1893.07.24.De A. E. Monod - Worms Josse et Cie Marseille

NB : La copie image de ce document de très mauvaise qualité n'a pas été conservée. 

24 juillet 1893
MM. Worms Josse & Cie
Paris

Messieurs,
Nous vous confirmons notre lettre du 22 courant, croisée avec la vôtre du même jour, dont le contenu est noté avec remerciements.
Nous avons le regret de vous informer que nous avons été joués par le capitaine du ‘'[Turenne]'. Quel a été son mobile ? À quelles influences a-t-il obéi ? C'est ce que nous finirons sans doute par découvrir. Surtout si vous voulez bien nous y aider.
Ainsi que nous vous l'avions dit, le capitaine, dès son arrivée, a été extrêmement cordial et gracieux. Il nous a exprimé ses regrets de nous avoir fait défection lors de son précédent voyage ; nous a déclaré qu'il s'en était d'autant plus repenti qu'il avait été horriblement mal servi, ainsi que le constatait le rapport adressé par son chef mécanicien à l'ingénieur de la compagnie, M. Simon ; enfin, nous a promis que nous pouvions compter sur sa commande.
Quelques jours après... changement d'attitude : hésitations, tergiversations, finalement refus de nous donner un ordre ferme par crainte de se compromettre sans une autorisation de ses armateurs, mais toujours désir apparent de traiter avec nous. C'est alors que nous vous avons télégraphié. Nous ne doutions pas que votre réponse fût de nature à lever tous scrupules et toutes difficultés, lorsqu'à notre grand désappointement, nous avons trouvé ce matin le capitaine absolument décidé à s'adresser à MM. [M. P.], ce qu'il a fait, malgré nos protestations et pressantes instances, malgré l'avis de son chef mécanicien qui ne comprenait pas que son rapport, si défavorable, fut écarté de la sorte.
Pour s'excuser auprès de nous et tâcher d'expliquer son revirement, le capitaine a mis en avant divers prétextes :
1. Au dernier voyage, ses armateurs lui avaient donné ordre d'aller chez [M. P.] ; ils n'avaient pas depuis lors révoqué cet ordre, et, dans ces conditions, il ne lui était pas possible de prendre sur lui de risquer de les mécontenter.
2. Il avait eu des difficultés avec notre maison du Havre et craignait que cela ne fût à recommencer.
3. Le représentant à Marseille de ses armateurs ne nous était pas sympathique et a fait probablement agir sur eux pour nous écarter.
Etc., etc.
Le premier et le deuxième prétextes invoqués n'ont aucune valeur dans l'espèce.

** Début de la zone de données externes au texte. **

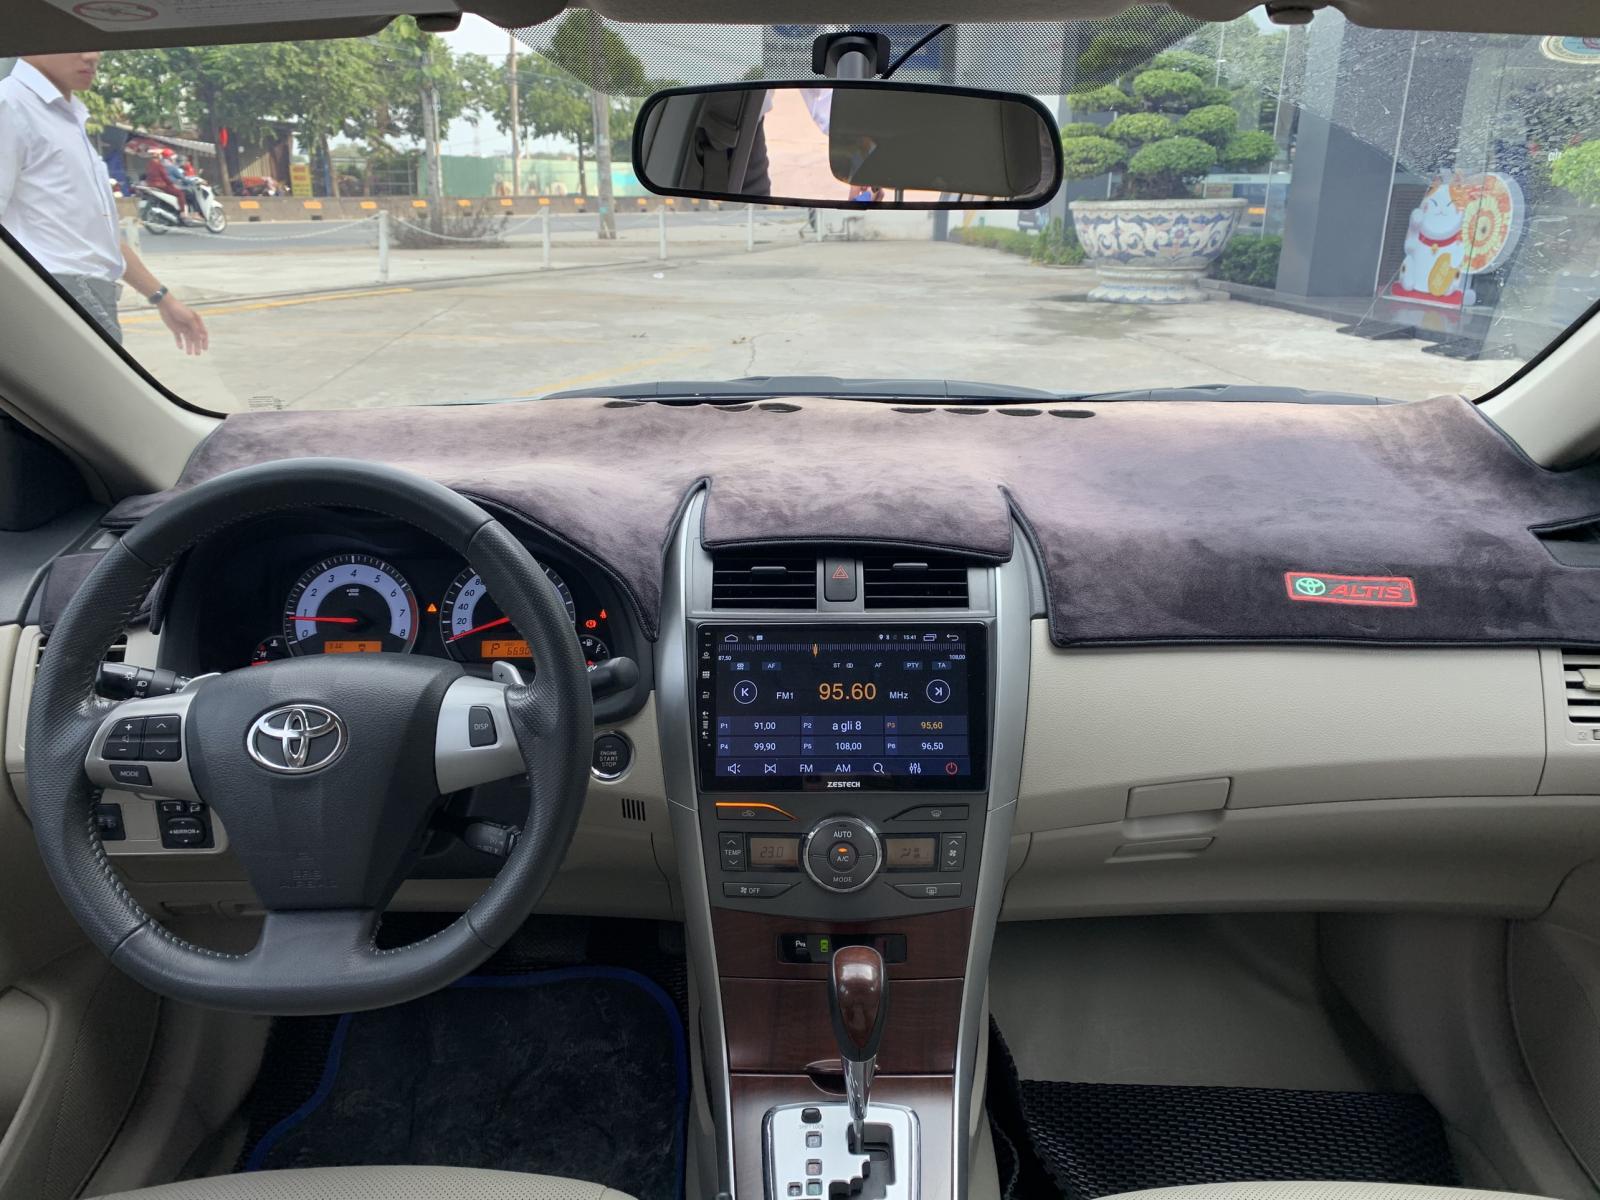 Toyota Corolla altis 2.0 2011 - Altis 2.0V 2011 xe đi rất ít, phụ kiện chất lượng
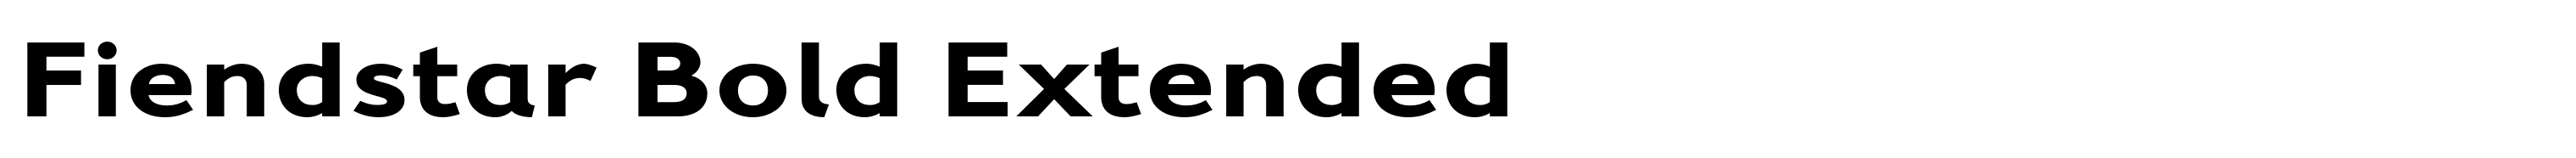 Fiendstar Bold Extended

Le troisième pourrait être plus sérieux. Car nous savons que M. le [capitaine de Lallement] n'était autrefois pas très bien porté pour notre maison de Marseille. Cependant, comme c'est un ami personnel de l'écrivain, qu'il lui a exprimé toute sa sympathie et tout son contentement lors de sa prise de direction, qu'il lui a affirmé sur l'honneur qu'il n'était pour rien dans la décision du capitaine ; qu'il se désintéressait absolument de la question charbon, source pour lui de trop d'ennuis dans le passé, etc., etc., nous aurions un peu de peine à croire à une action directe de sa part.
Mais alors, quoi ?
On nous dit que M. [S.], l'ingénieur de MM. [M. P.] est venu à Marseille quelque temps avant la défection de ses capitaines - qu'il est très sensible à certaines attentions - que MM. [M. P.] qu'il a beaucoup vus les lui ont prodiguées dans le présent et pour l'avenir - qu'enfin, ce serait peut-être avec ce personnage qu'il faudrait s'aboucher et s'entendre pour avoir quelque chance de regagner la clientèle perdue.
Nos vous donnons le renseignement, qui est peut-être un racontar, pour ce qu'il vaut. Vous en tirerez les conclusions et en ferez le profit que vous jugerez utile.
Veuillez agréer, Messieurs, nos salutations très distinguées.